Required action>
Retype exactly what appears below from the line containing "Recent Developments in" down to the line containing "Intelligent logistics equipment", keeping both end lines. Do not include pictures.

Supplied material>
BEGIN
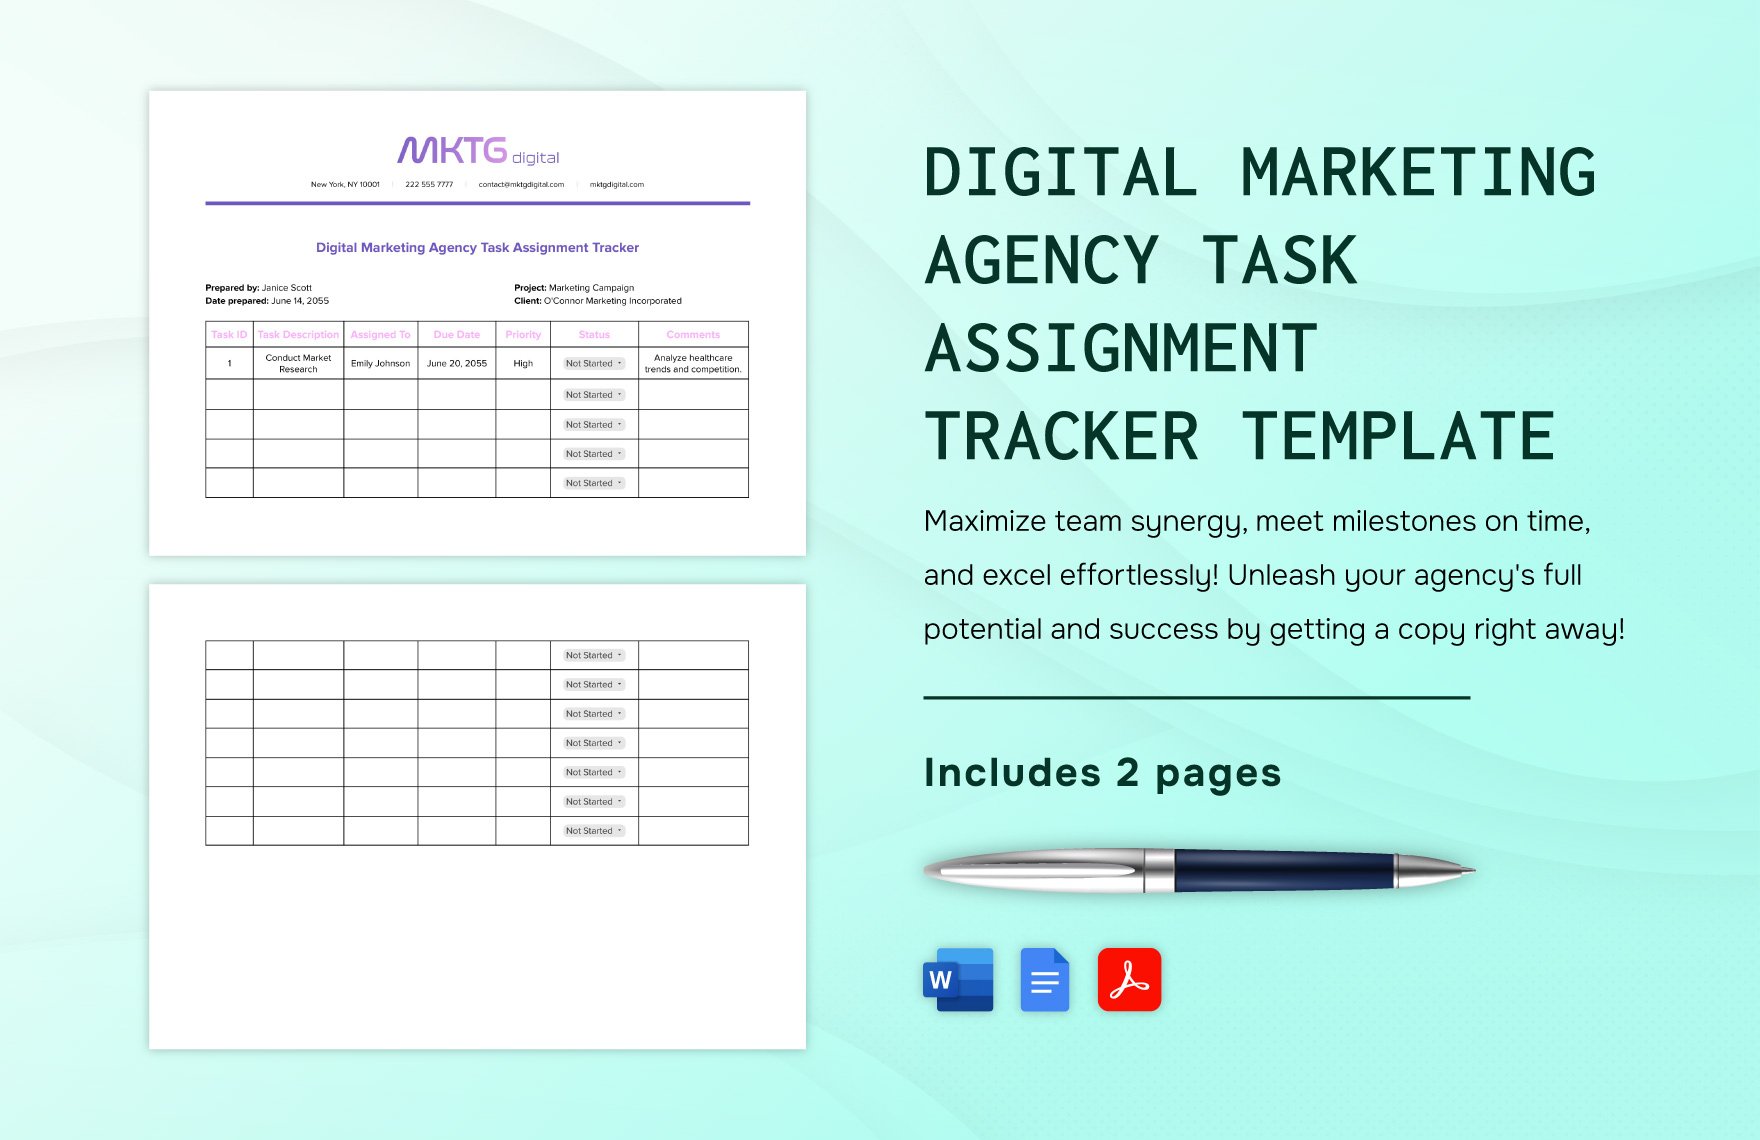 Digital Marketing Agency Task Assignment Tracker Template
END
BEGIN
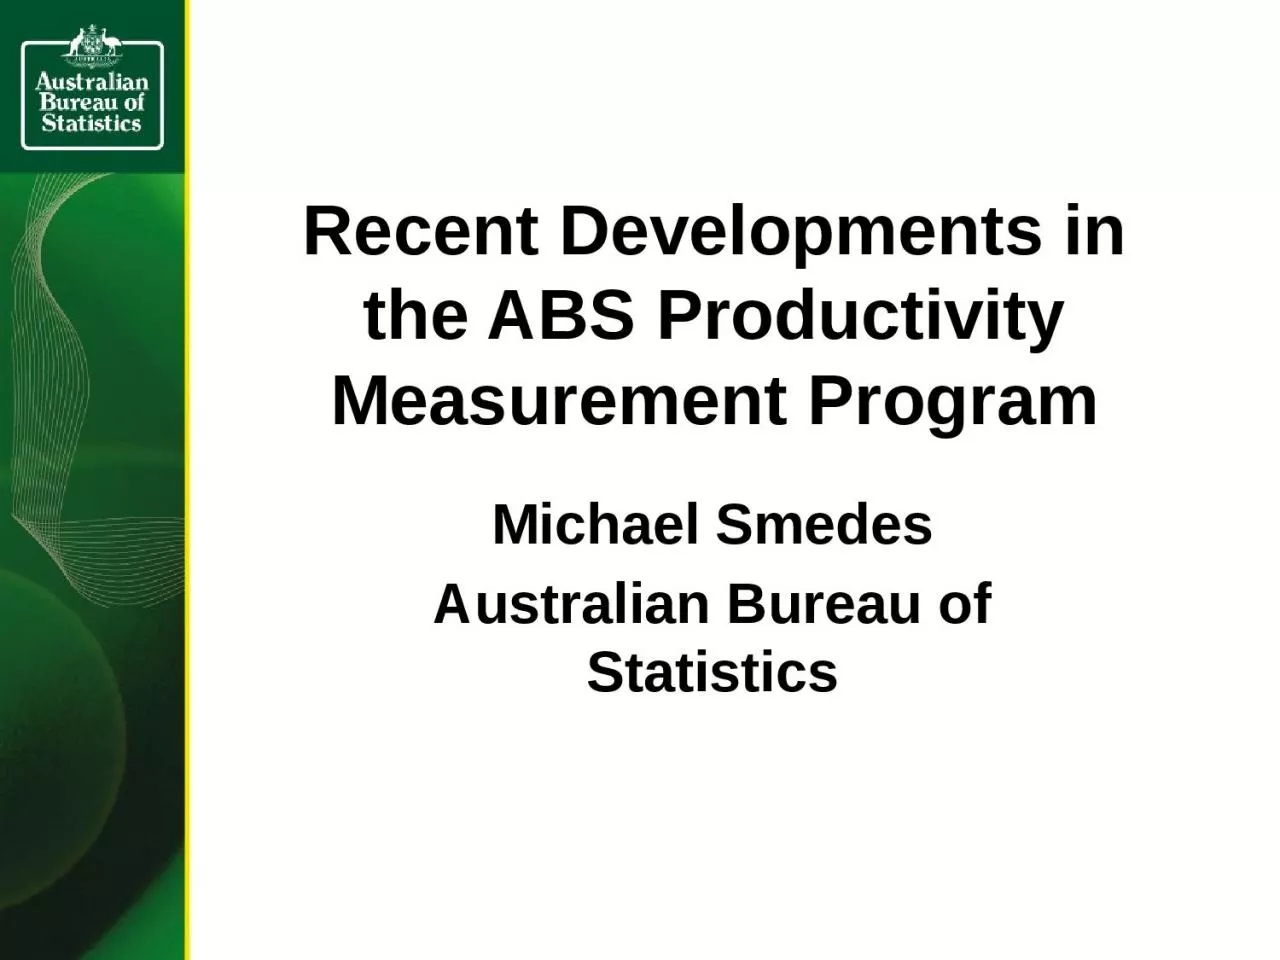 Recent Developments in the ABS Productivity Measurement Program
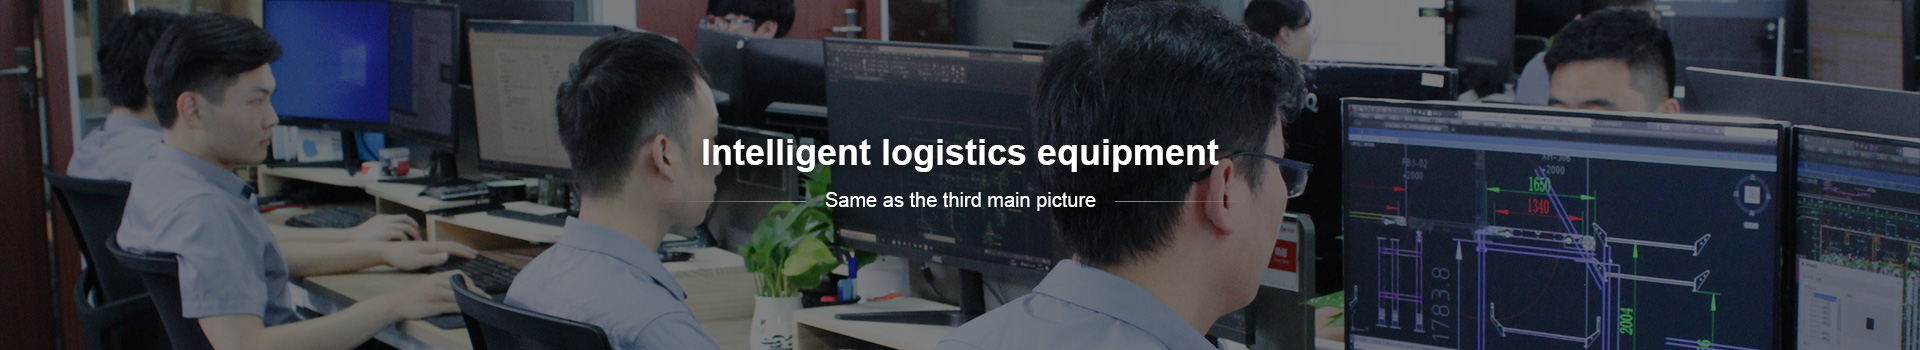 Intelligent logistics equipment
END
BEGIN
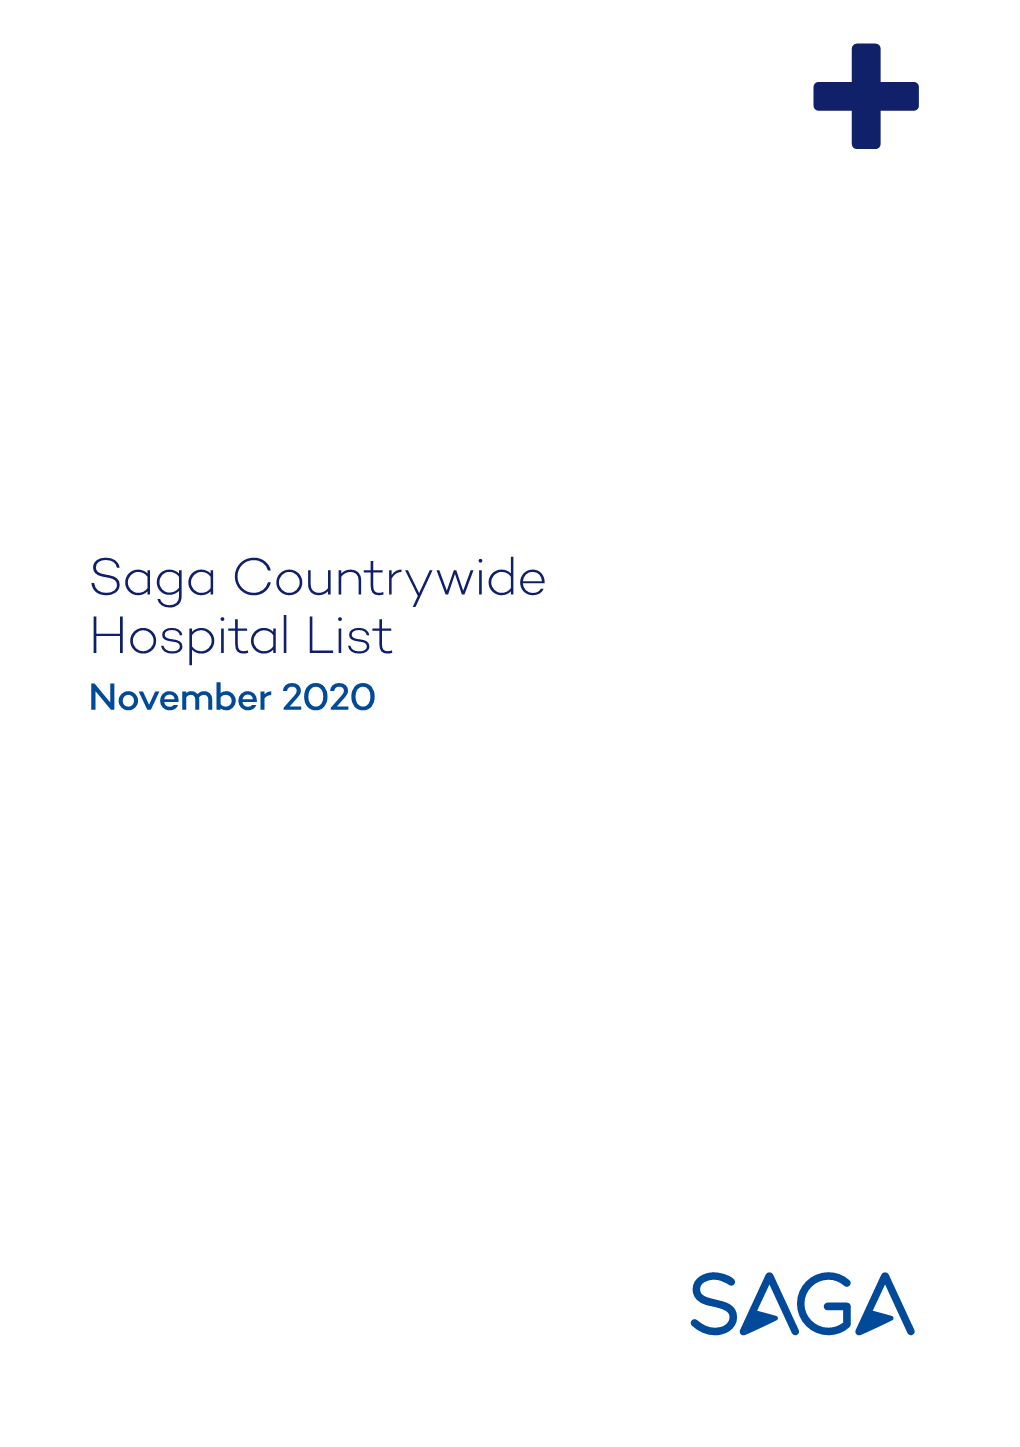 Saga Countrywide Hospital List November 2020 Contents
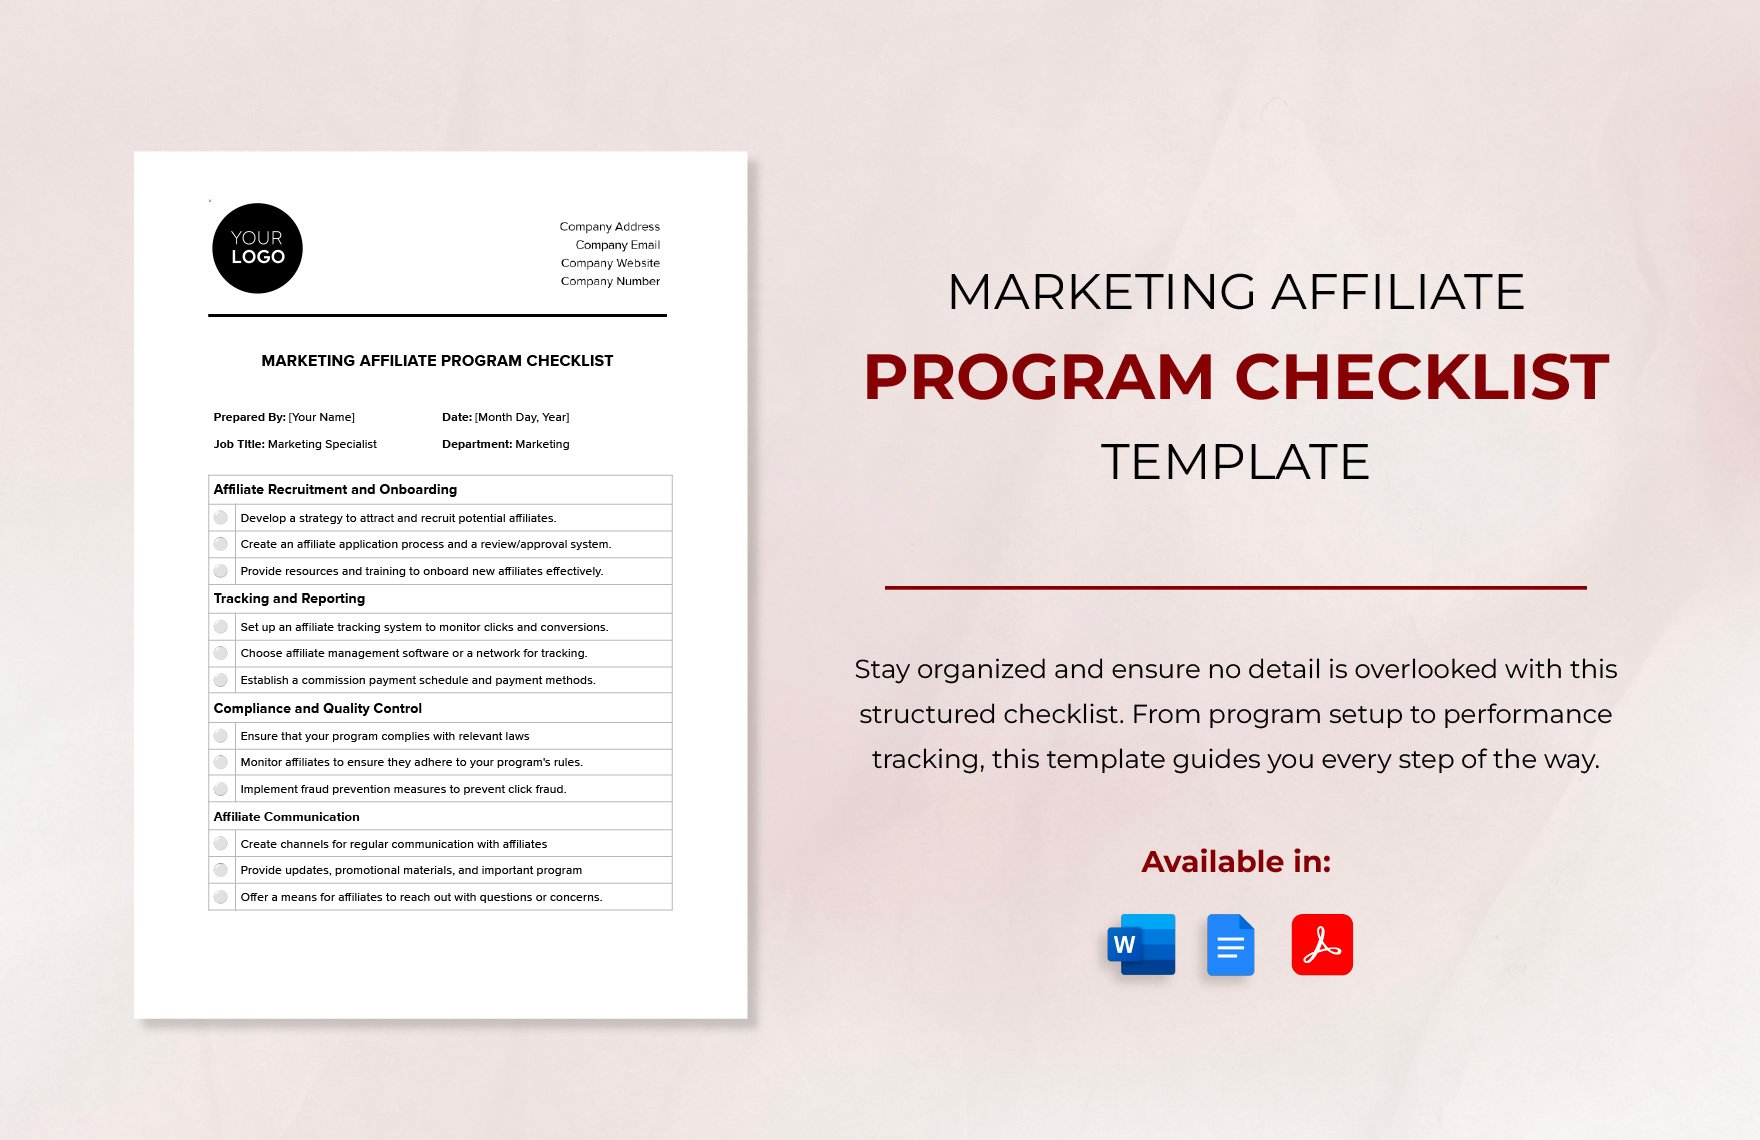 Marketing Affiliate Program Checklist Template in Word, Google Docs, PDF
END
Result of this task>
 Recent Developments in the ABS Productivity Measurement Program
 Intelligent logistics equipment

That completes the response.